4% SF doesn't worry me; sometimes I use 5%. The glimpse of soap next to this gray-film-on-top-soap was the same recipe and fine. The lye is not old. Everything but the top looks great.
If it is just some weird reaction, perhaps I can scoop the gray out and use the soap... (husband's solution)... but if it indicates a more insidious and harmful problem, our sensitive-skin family should not be using it. (nor should anyone, of course). And even a few days ago, everything looked fine from the outside. Ugh. I hate to throw out 1/2 gallon of soap.
And if some fat was lingering on the top, and it decided to go bad, it would smell... in my mind anyway. And then (again in my head) the butters or oils in my possession would also be indicating some form of naughtiness... Hmmmmmmmm........... I sit here with my head in my hands and tilt over to see on our right "the word association game" and realize I should probably log off before I .... gray.... HAIR... oops, there I go.

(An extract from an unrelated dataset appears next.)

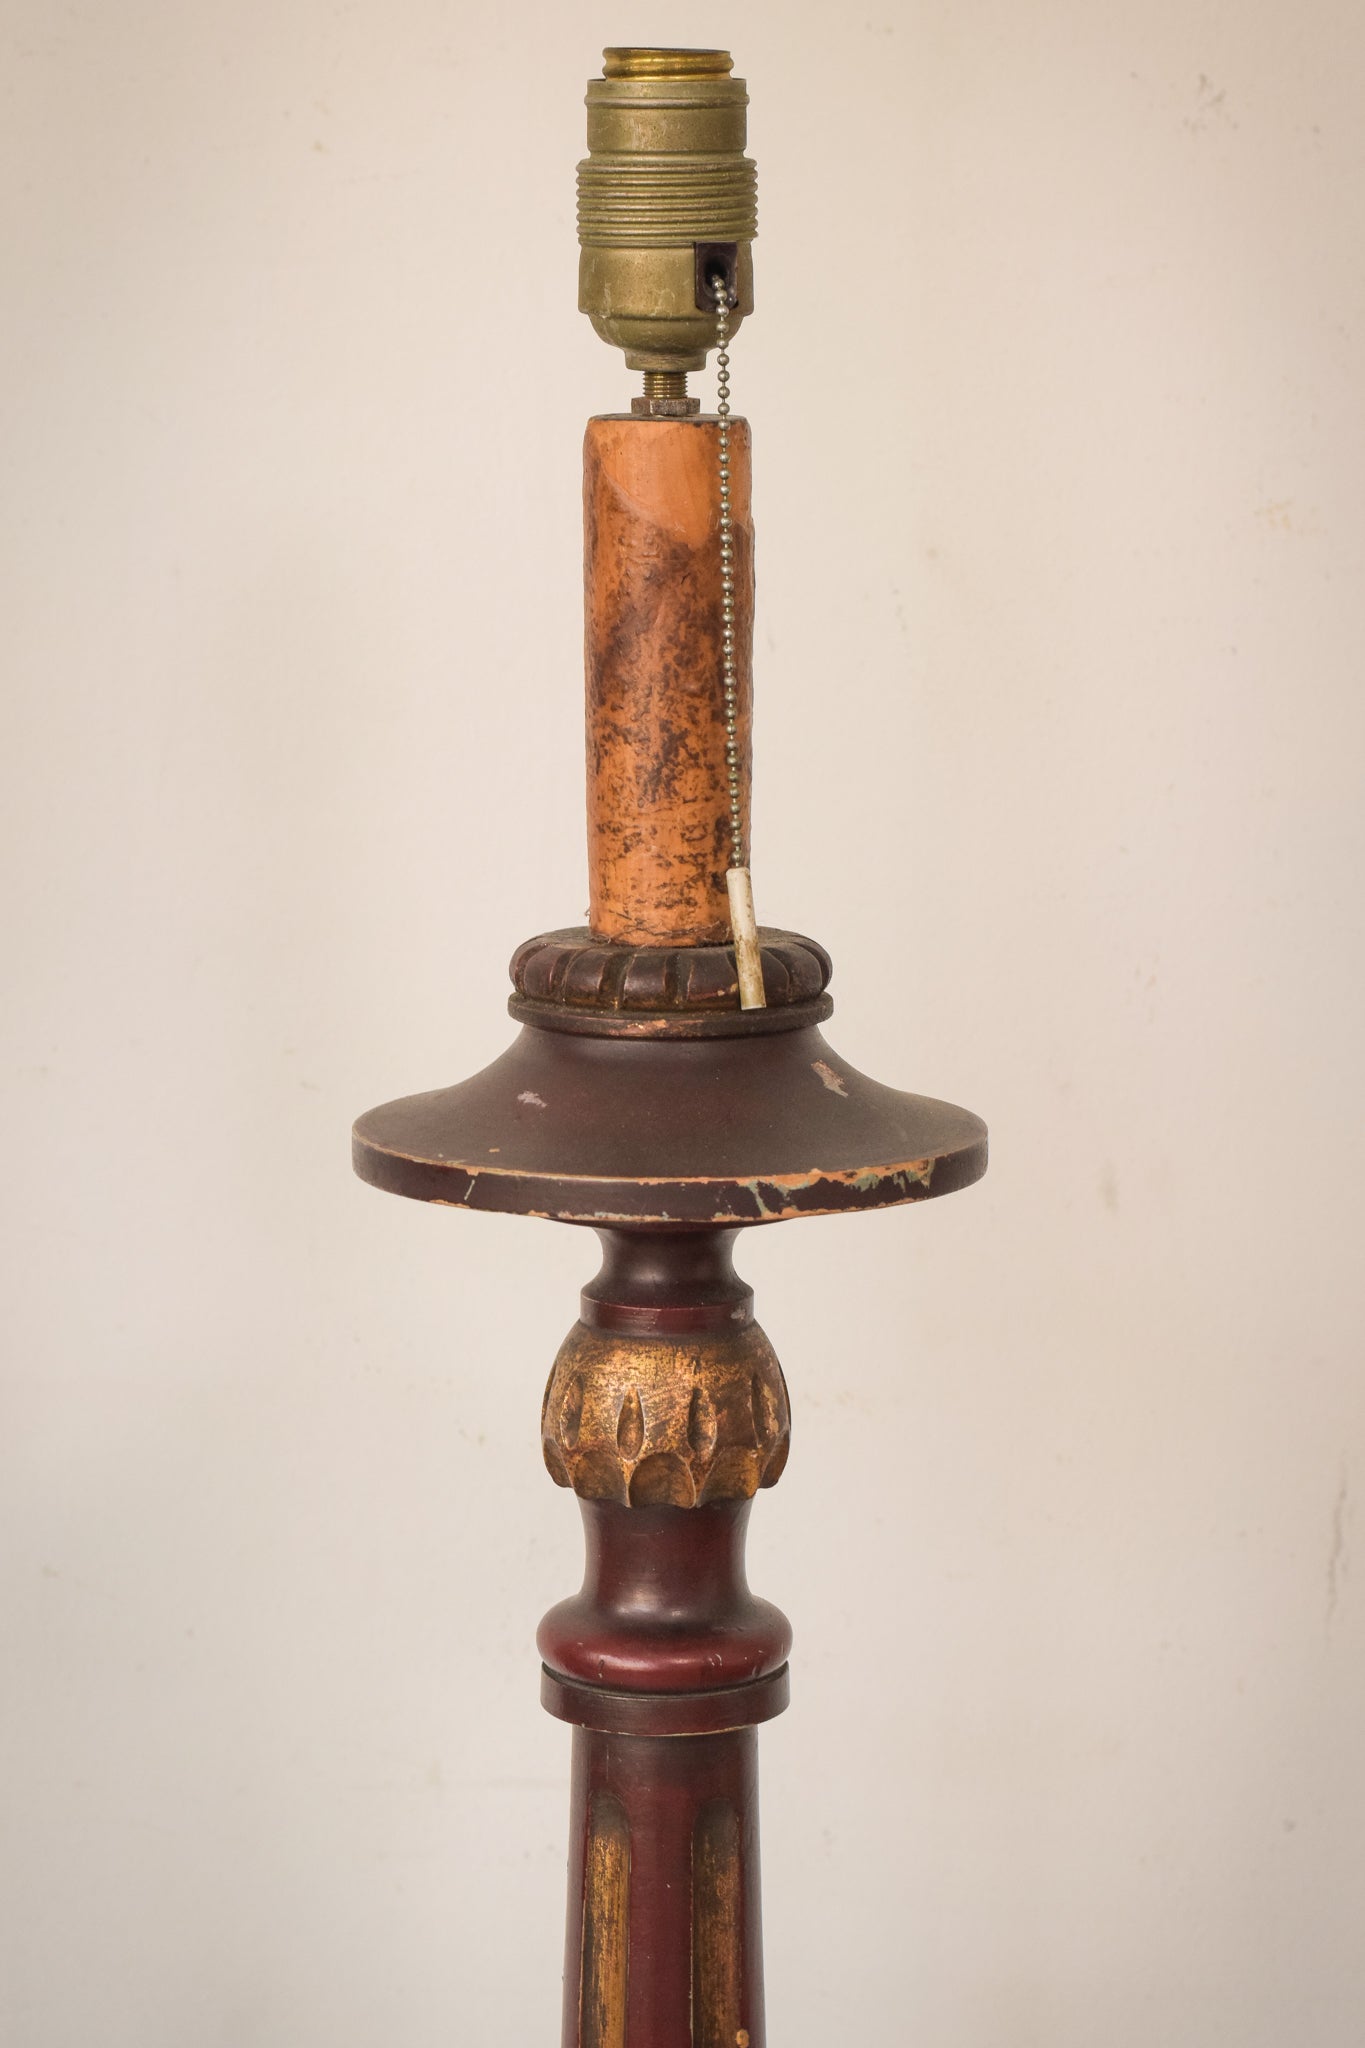 Two Vintage Carved Wooden Standard Lamps
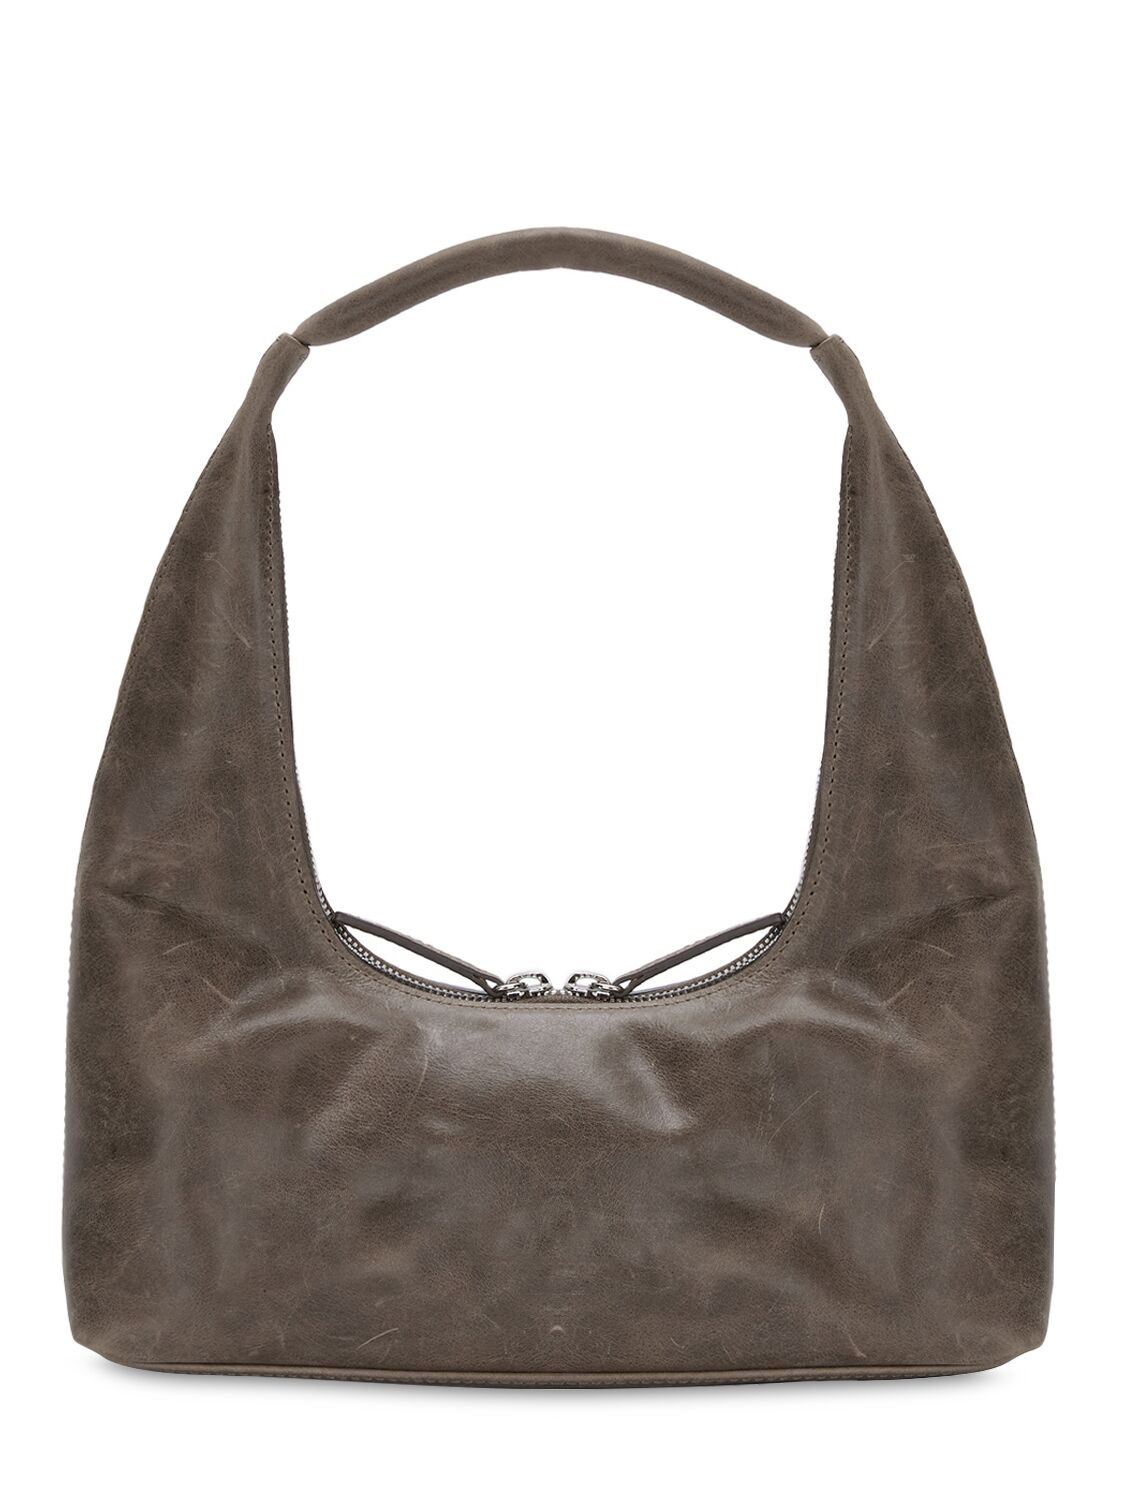 Marge Sherwood Hobo Leather Shoulder Bag In Brown Pull Up

This horrible gray stuff is my hair graying as I try to figure this out! ;-) Did I lose you? Ha.


----------



## Susie (Jun 15, 2016)

If you have a plastic turkey baster, I would probably be guilty of trying to suck off the grey stuff.  I would not be tossing a half gallon of liquid soap.


----------



## topofmurrayhill (Jun 15, 2016)

Susie said:


> If you have a plastic turkey baster, I would probably be guilty of trying to suck off the grey stuff.  I would not be tossing a half gallon of liquid soap.



It's impressive, all the things turkey basters can be used for.


----------



## Susie (Jun 15, 2016)

LOL, indeed!  I use one in the aquarium (I do not use it for any other purpose.) to push "stuff" off the rocks to the substrate so I can vacuum it out.  I have one in my soaping stuff for design purposes.  I even have a couple in the drawer for actual food. (And yes, I know the other use.)


----------



## PrairieLights (Jun 16, 2016)

Turkey baster it is..........


----------



## Soapmaker145 (Jun 16, 2016)

I think you are looking at a combination of excess oil plus unsaponifiable matter from your oils, most likely the Shea butter.  They tend to float to the top during storage.  Did you use raw or refined bleached shea butter?


----------



## PrairieLights (Aug 15, 2016)

Follow up: Turkey baster worked. Sucked it off, let it sit, and it stayed fine. Used it for our own soap and no problems. I am reducing the SF to 3%. First time using shea in LS and wonder if that is what threw my recipe off. Raw, refined, or bleached? Organic refined. It's grainy, too. :-( Thank you all for your help. Now off to ask for more help on lye master batching............


----------



## Saipan (Aug 15, 2016)

I don't know, but is it just me or is it wearing white sunglasses in the second photo?


----------



## Dahila (Aug 15, 2016)

I see white sunglasses too Saipan


----------



## PrairieLights (Aug 15, 2016)

Hahahahahahaha!!!!!!!! Now I have that song "I wear my sunglasses at night........" stuck in my head.


----------